Exercise details: Exactly as they stand, copy the lines from the one containing "adidas Predator Tango" to the final line of the data; leave out the pictures.

Collected data:
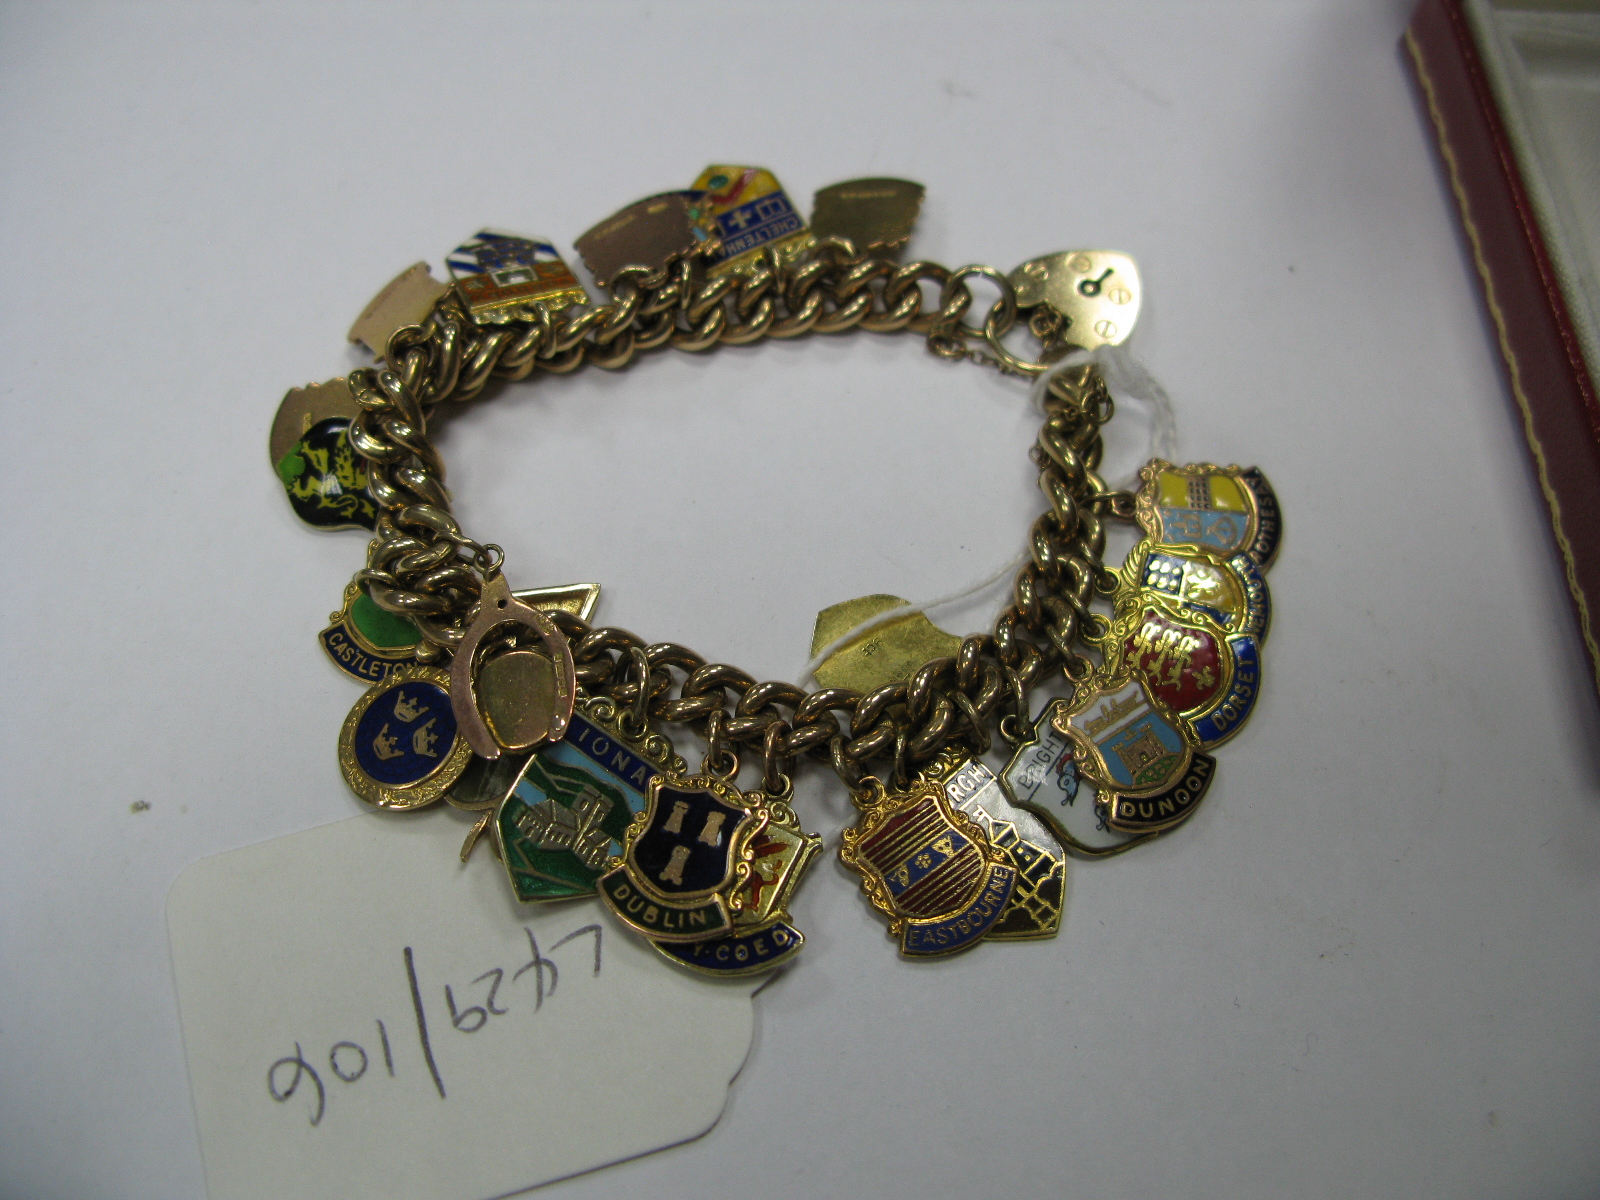 Lot 1387 - A 9ct Gold Curb Link Charm Bracelet, to 9ct gold heart shape padlock clasp, suspending numerous
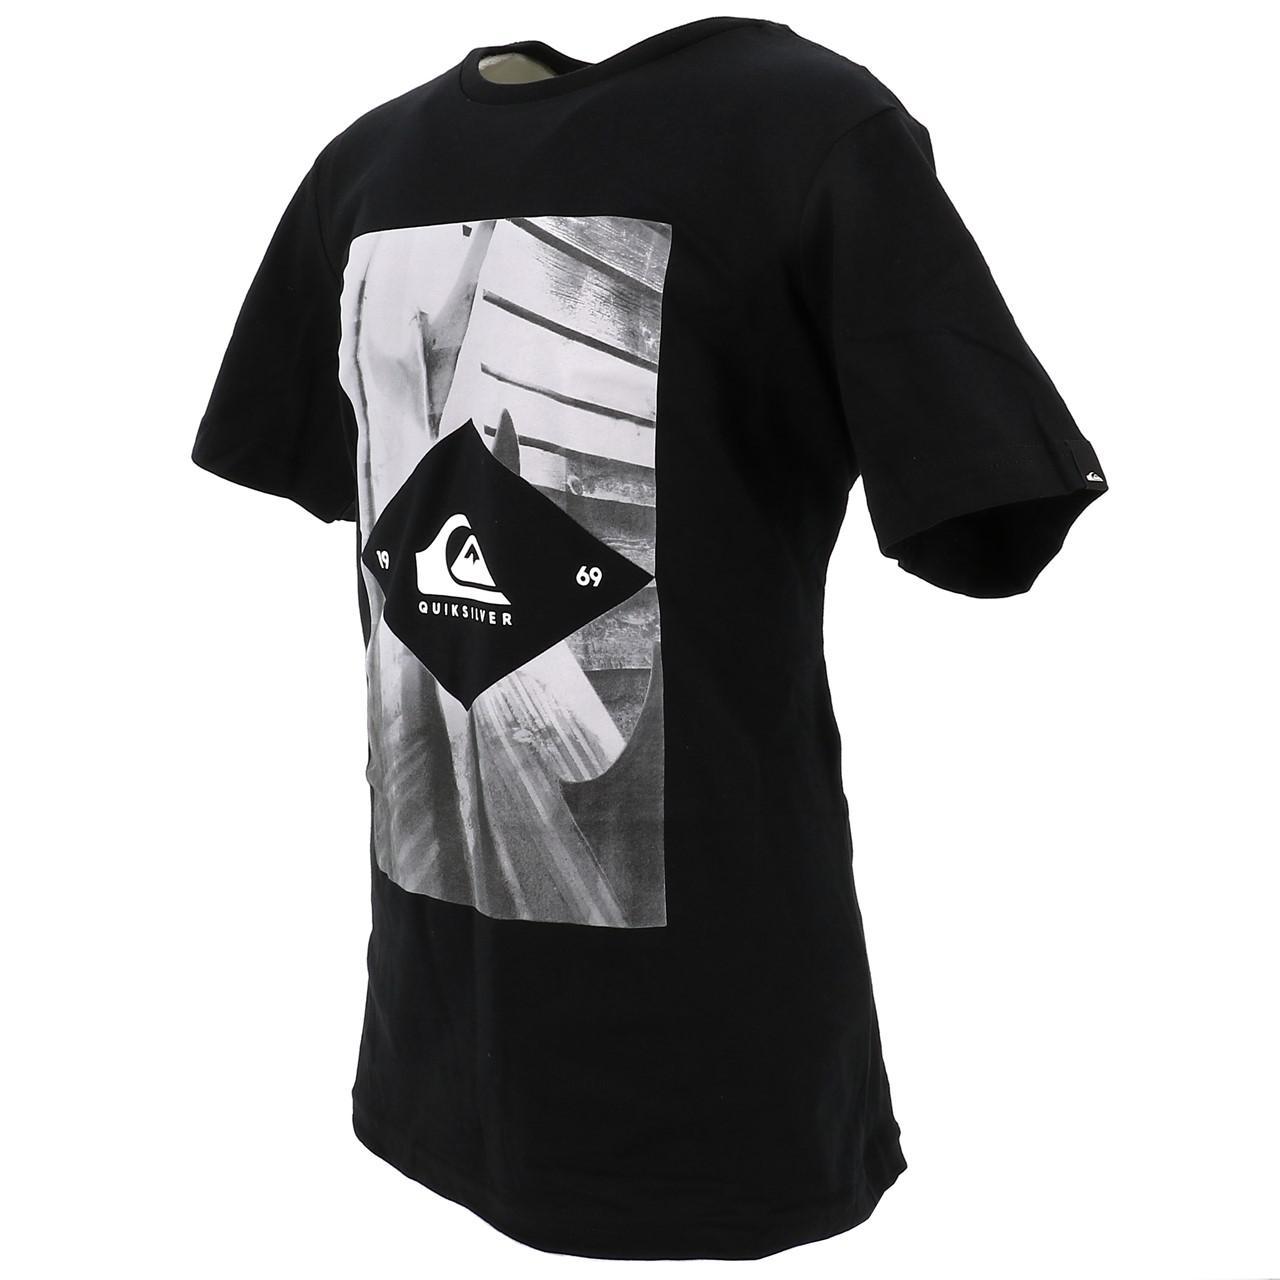 Tee-shirt-manches-courtes-Quiksilver-15341-flaxton-blk-jr-sp2-Noir-17517-Neuf miniature 4
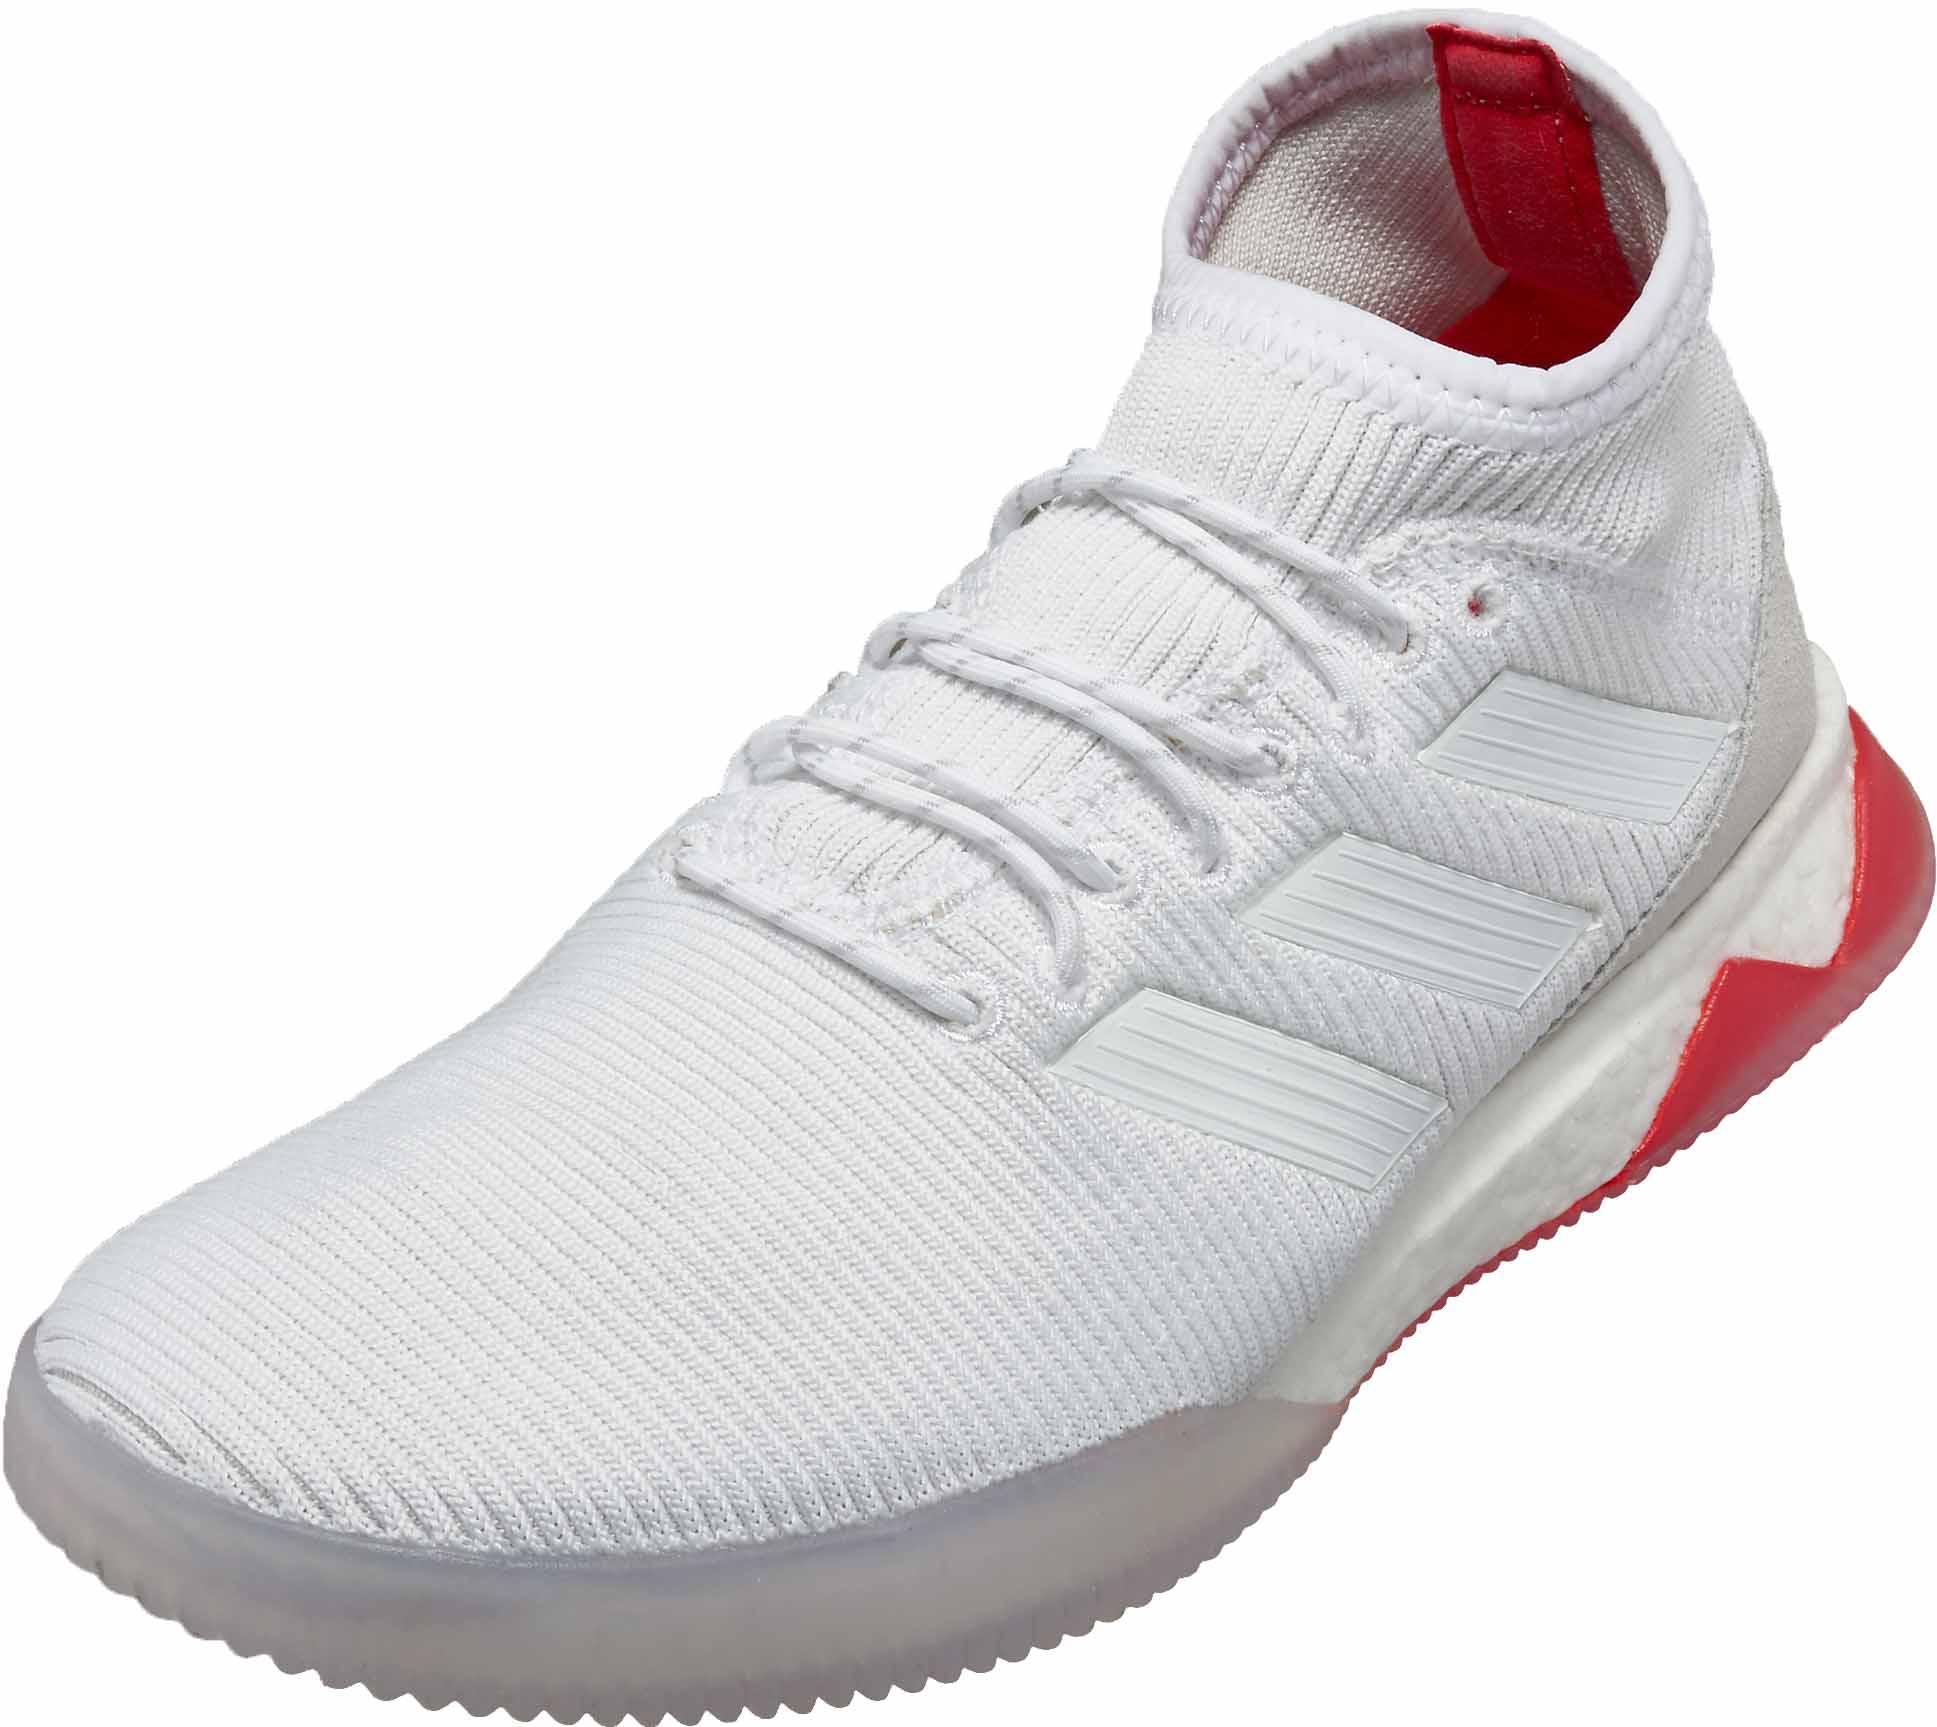 adidas Predator Tango 18.1 TR – WhiteReal Coral
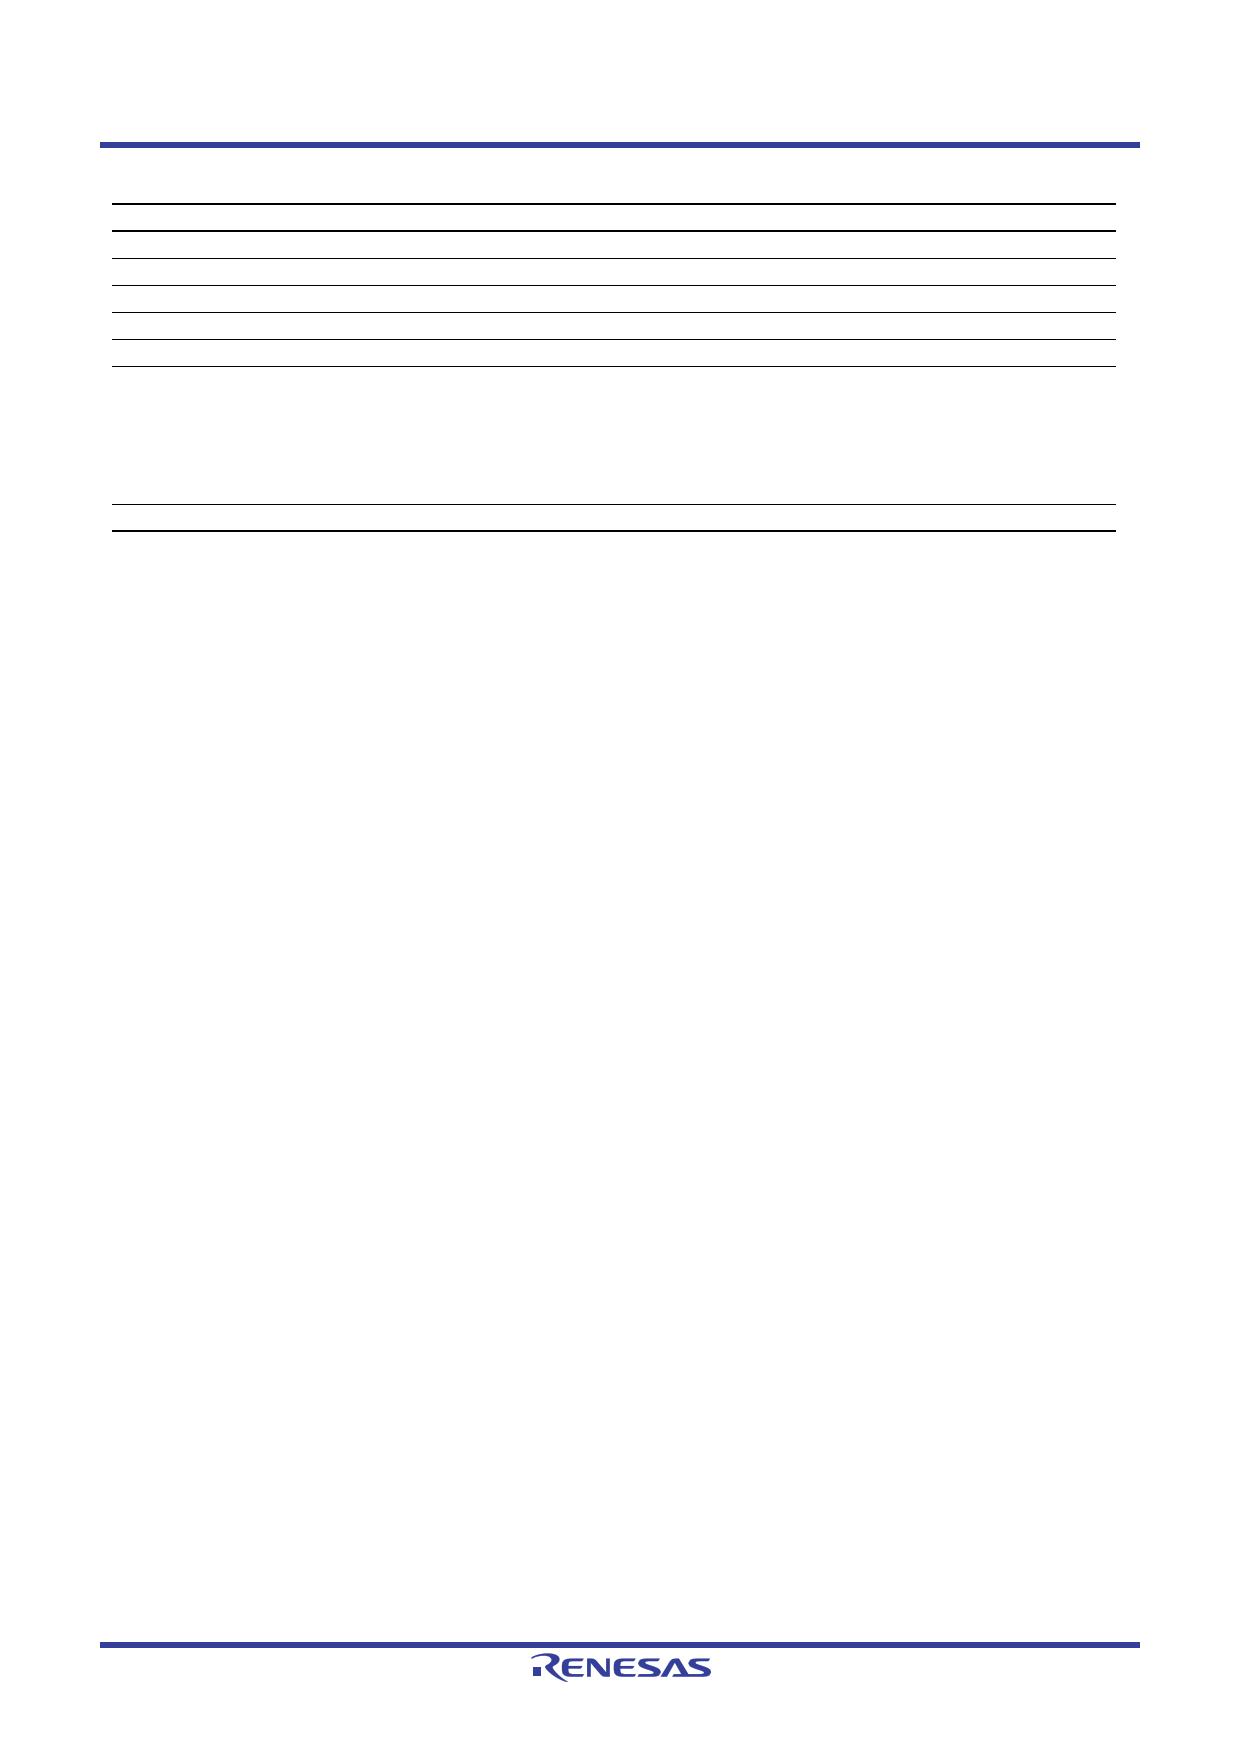 R5F51104ADLF pdf, 반도체, 판매, 대치품

Response area:
 adidas Predator Tango 18.1 TR – WhiteReal Coral
 R5F51104ADLF pdf, 반도체, 판매, 대치품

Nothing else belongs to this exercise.